Short-term fluctuations, known as business cycles, include periods of booms and busts, whereas long-term growth shows a general upward trend in GDP.
How is GDP calculated according to the expenditure approach?
GDP (Y) is calculated as Y = C + I + G + X - M, where C is household consumption, I is investment, G is government expenditure, X is exports, and M is imports.
What is the relationship between the price level and household consumption?
There is a negative relationship; as the price level rises, household consumption decreases.

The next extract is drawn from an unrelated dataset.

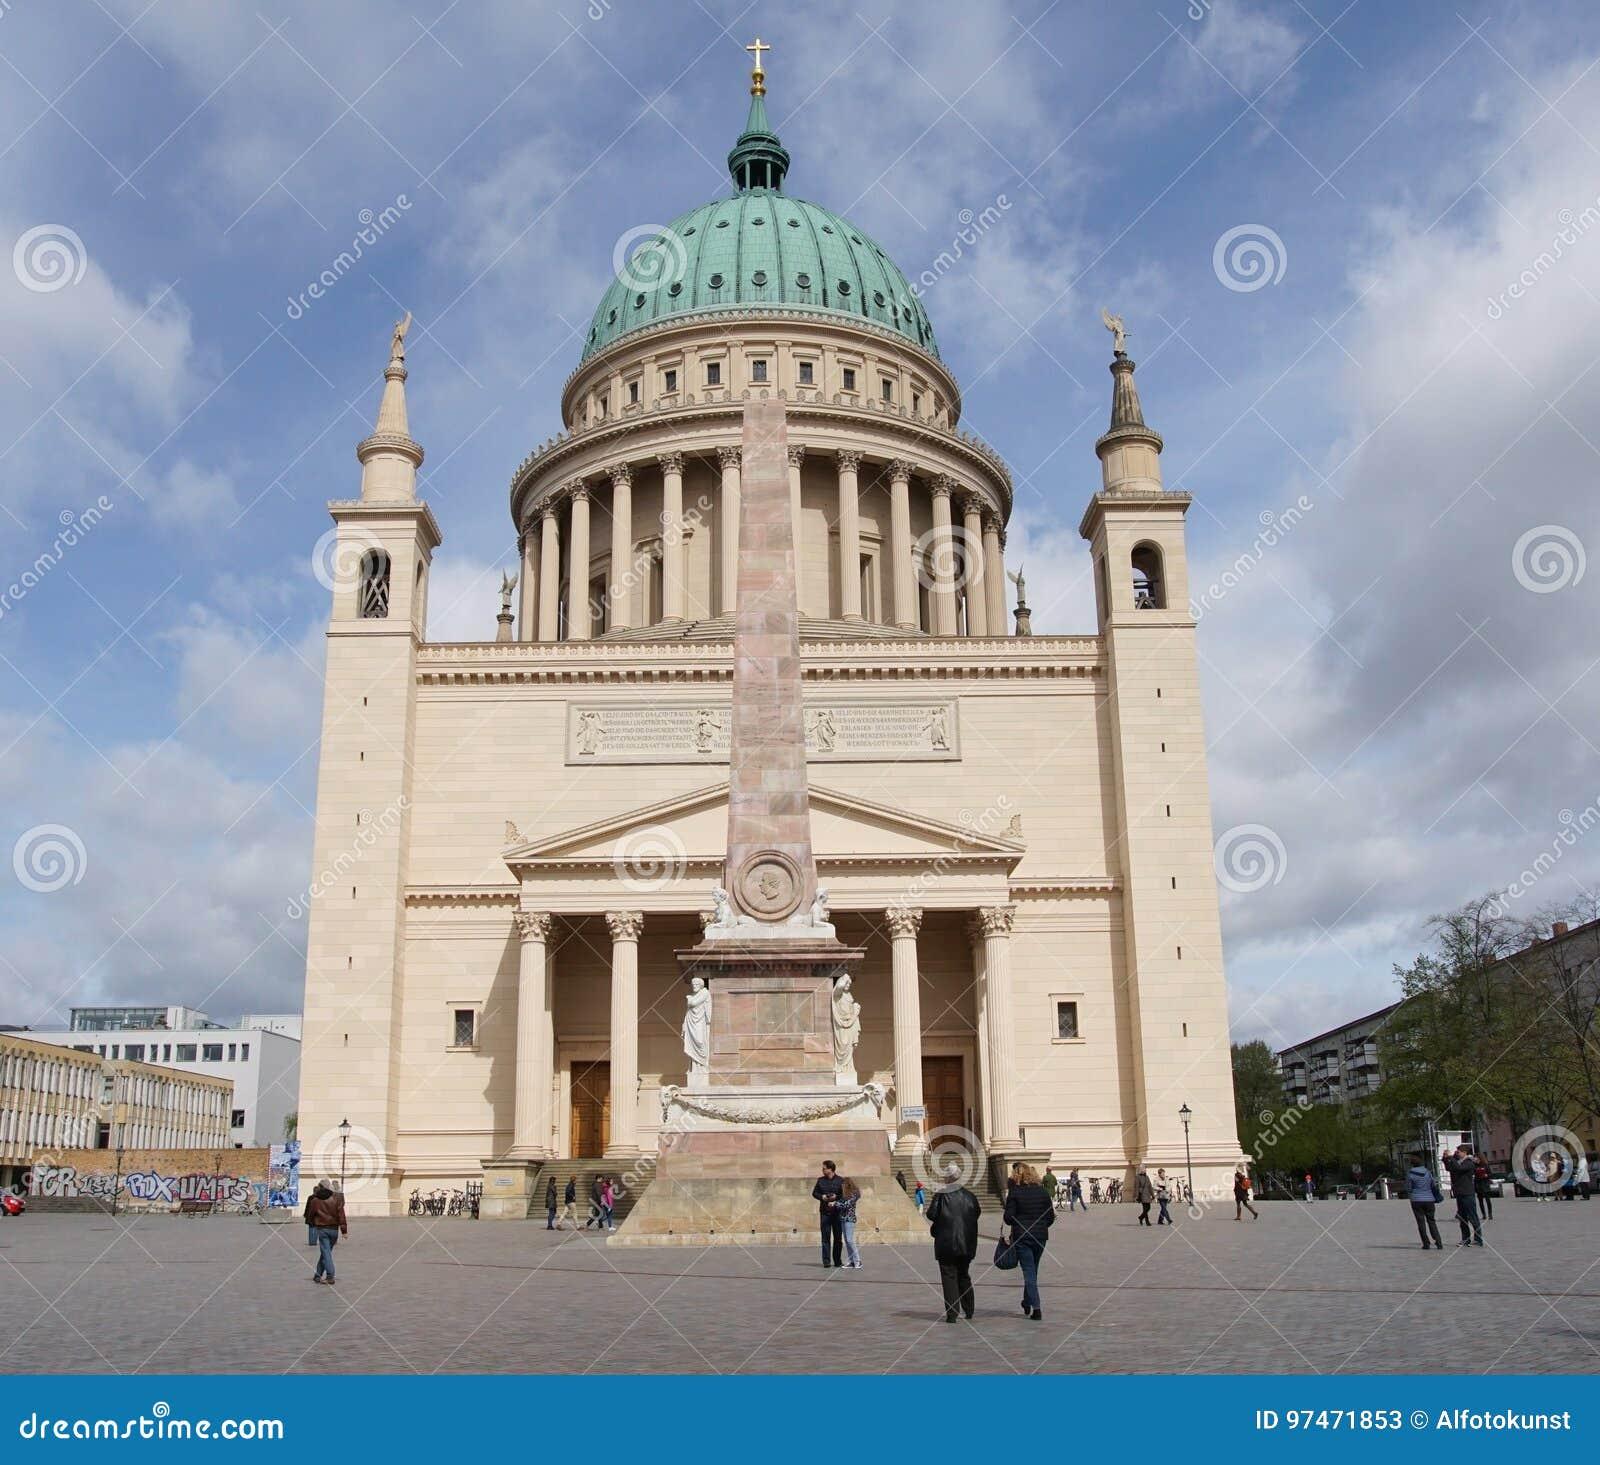 Historic Buildings Of Potsdam Germany Europe Editorial Stock Photo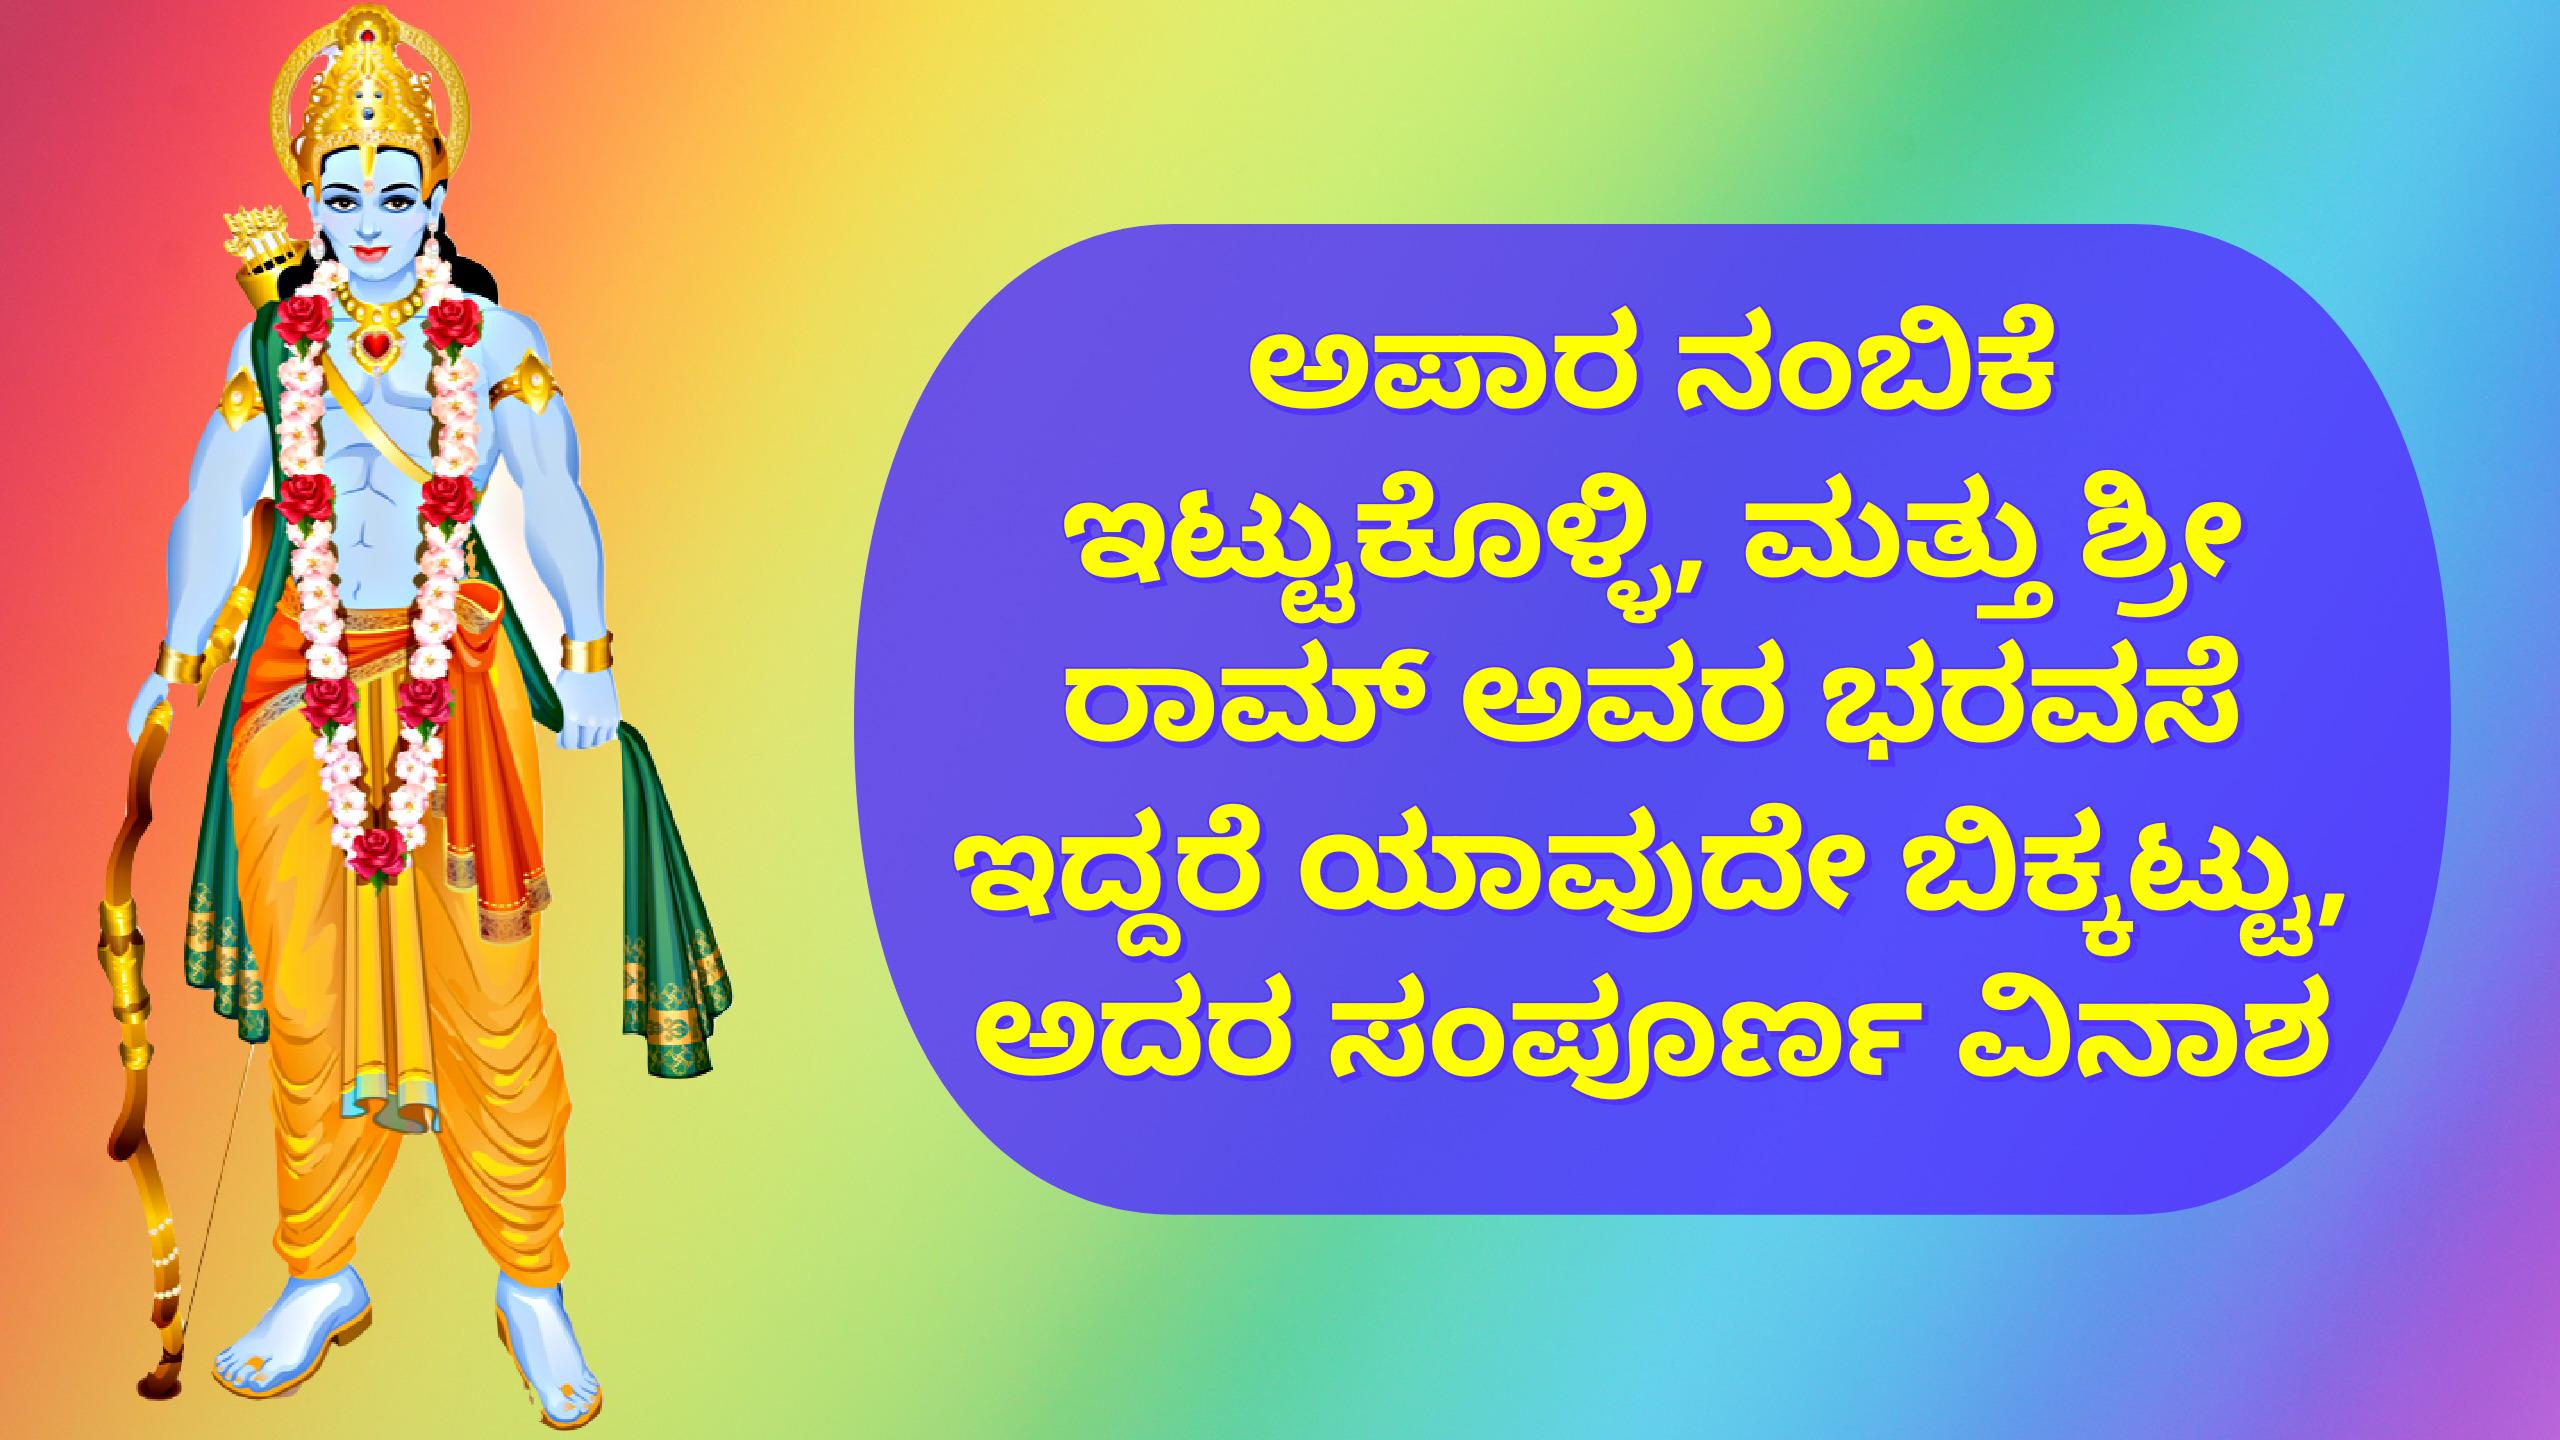 22. Shree Ram Quotes in Kannada

What characterizes the short run aggregate supply function (SRAS)?
It is positively related to the price level due to sticky nominal wages.
What is expansionary fiscal policy?
An increase in government expenditure to boost aggregate demand.
What is crowding out in the context of fiscal policy?
When increased government expenditure raises interest rates, leading to a decrease in private consumption and investment.
What does the multiplier effect refer to?
The process by which an initial increase in spending leads to a larger overall increase in economic output.
What occurs during a positive aggregate demand shock?
An increase in aggregate demand leads to higher output and price levels in the short run.
What is the self-correction mechanism in economics?
The process by which adjustments in nominal input prices return the economy to full employment output after a shock.
What effect did the Covid pandemic have on the economy according to the lecture?
It caused a leftward shift in the short run aggregate supply function, leading to reduced output and increased prices.
What might stabilization policy aim to do in reaction to a recession caused by external shock?
Shift the aggregate demand function to the right using fiscal or monetary policies to stimulate the economy.
What was John Maynard Keynes' view on economic recovery during a depression?
He believed that waiting for the self-correction mechanism could be harmful, advocating for policy measures to expedite recovery.
What are the limitations of stabilization policy?
Consensus on recessions often occurs too late, and time delays in legislation and policy execution may hinder timely responses to economic downturns.